Mixing physical activities and literacy is one of the best way to make these topics engaging and fun. Physical education and reading are important developmental skills for children to learn at a young age. When I took physical education classes as a child, I personally loved when the teacher narrated the physical actives through stories and songs. There is a particular physical education activity from kindergarten that has somehow stuck in my memory after all of these years. I have often wondered why this is, and I realize it is quite simple—the activity was fun that was easy to remember and engaging. It challenged emerging physical skills, and it referenced spatial awareness and word recognition. Most importantly, this physical activity linked directly to a great book, “Bears in the Night,” by Stan and Jan Berenstain.
What We'll Cover
What Is ‘Bears in the Night’ About?
“Bears in the Night” follows seven young bears that sneak out of their bed one night and wander into the dark wilderness. The bears go out their window, down a tree, over a wall, under a bridge, around a lake, through woods, and up a hill, where they are spooked by an owl. They then go back to their bed repeating the steps it took to get there. Now, I understand this activity from a literacy perspective. Our teacher introduced and read this book to us several times, focusing on the spatial words such as “up” and “down.” We became familiar with the story, and were able to retell it referencing the illustrations.
How the Activity Works
The activity that went along with Bears in the Night went like this: an obstacle course was set up in the gym. Each obstacle represented a part of the story. For example, when the bears went out their window, a hula hoop was set up for children to crawl through. I remember that we started on a mat, pretending to be the bears fast asleep. The gym teacher hooted like an owl, which woke the bears up (just like the beginning of the story), and one by one, we went through each obstacle in the same order as the story. Once we climbed the hill at the end, we repeated the course in the opposite direction until we were back “asleep” on the mat.

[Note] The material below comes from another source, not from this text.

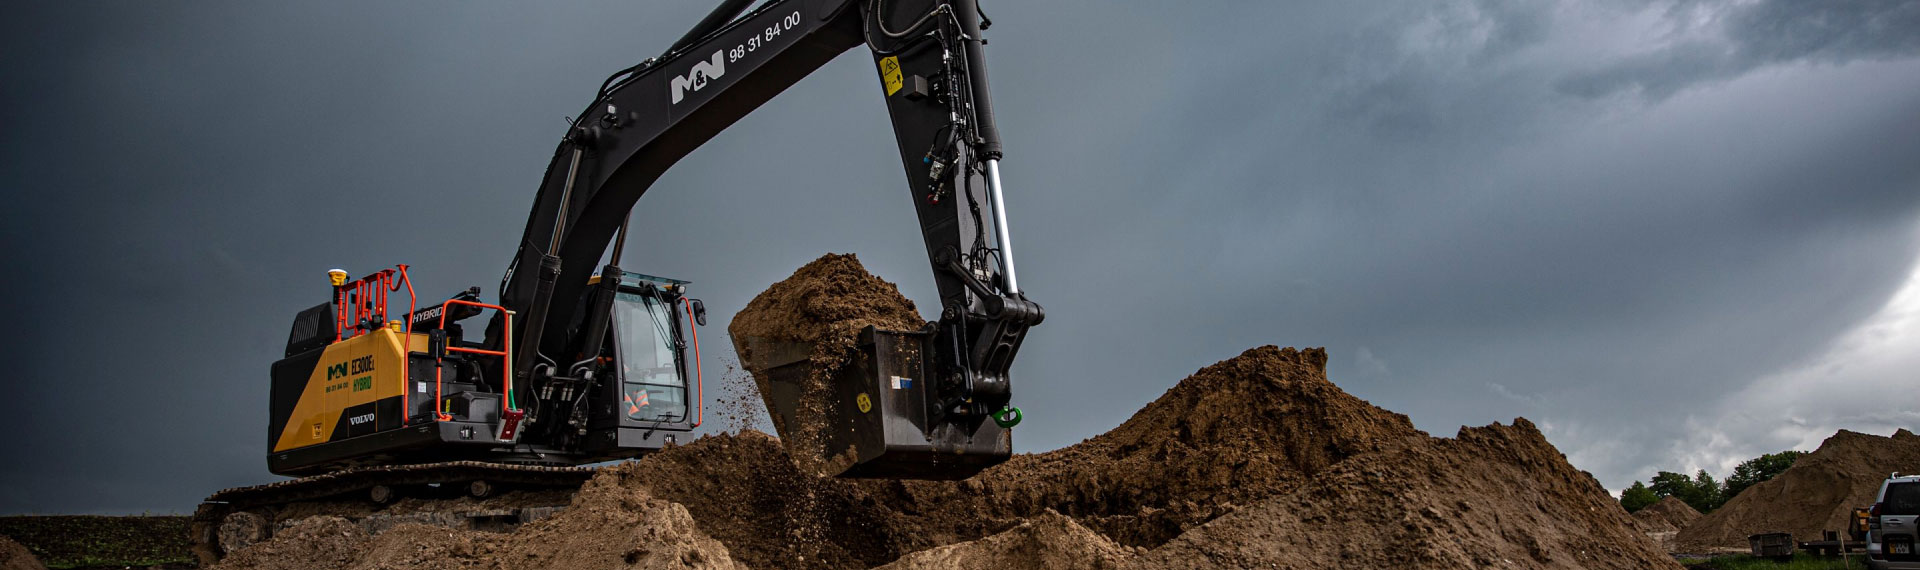 由Hardox® 500 Tuf钢制成的坚固而轻便的挖掘机铲斗，可以挖掘泥土。

Final Thoughts on the Activity
This is a great activity, and I am glad I remembered it. This is an activity that allows children to demonstrate emerging developmental behaviors, physical skills, and content knowledge. Additionally, this activity can be used at school and at home. It’s also one of those activities that can take place indoors and outdoors. You can make the activity fun by switching up the obstacles and adding your own spin on the moves. Children will enjoy mixing up the storyline, as well as the different physical activities they must follow. Looking back at the activity, I can’t help but think how fun it would be to go through this obstacle course again as an adult.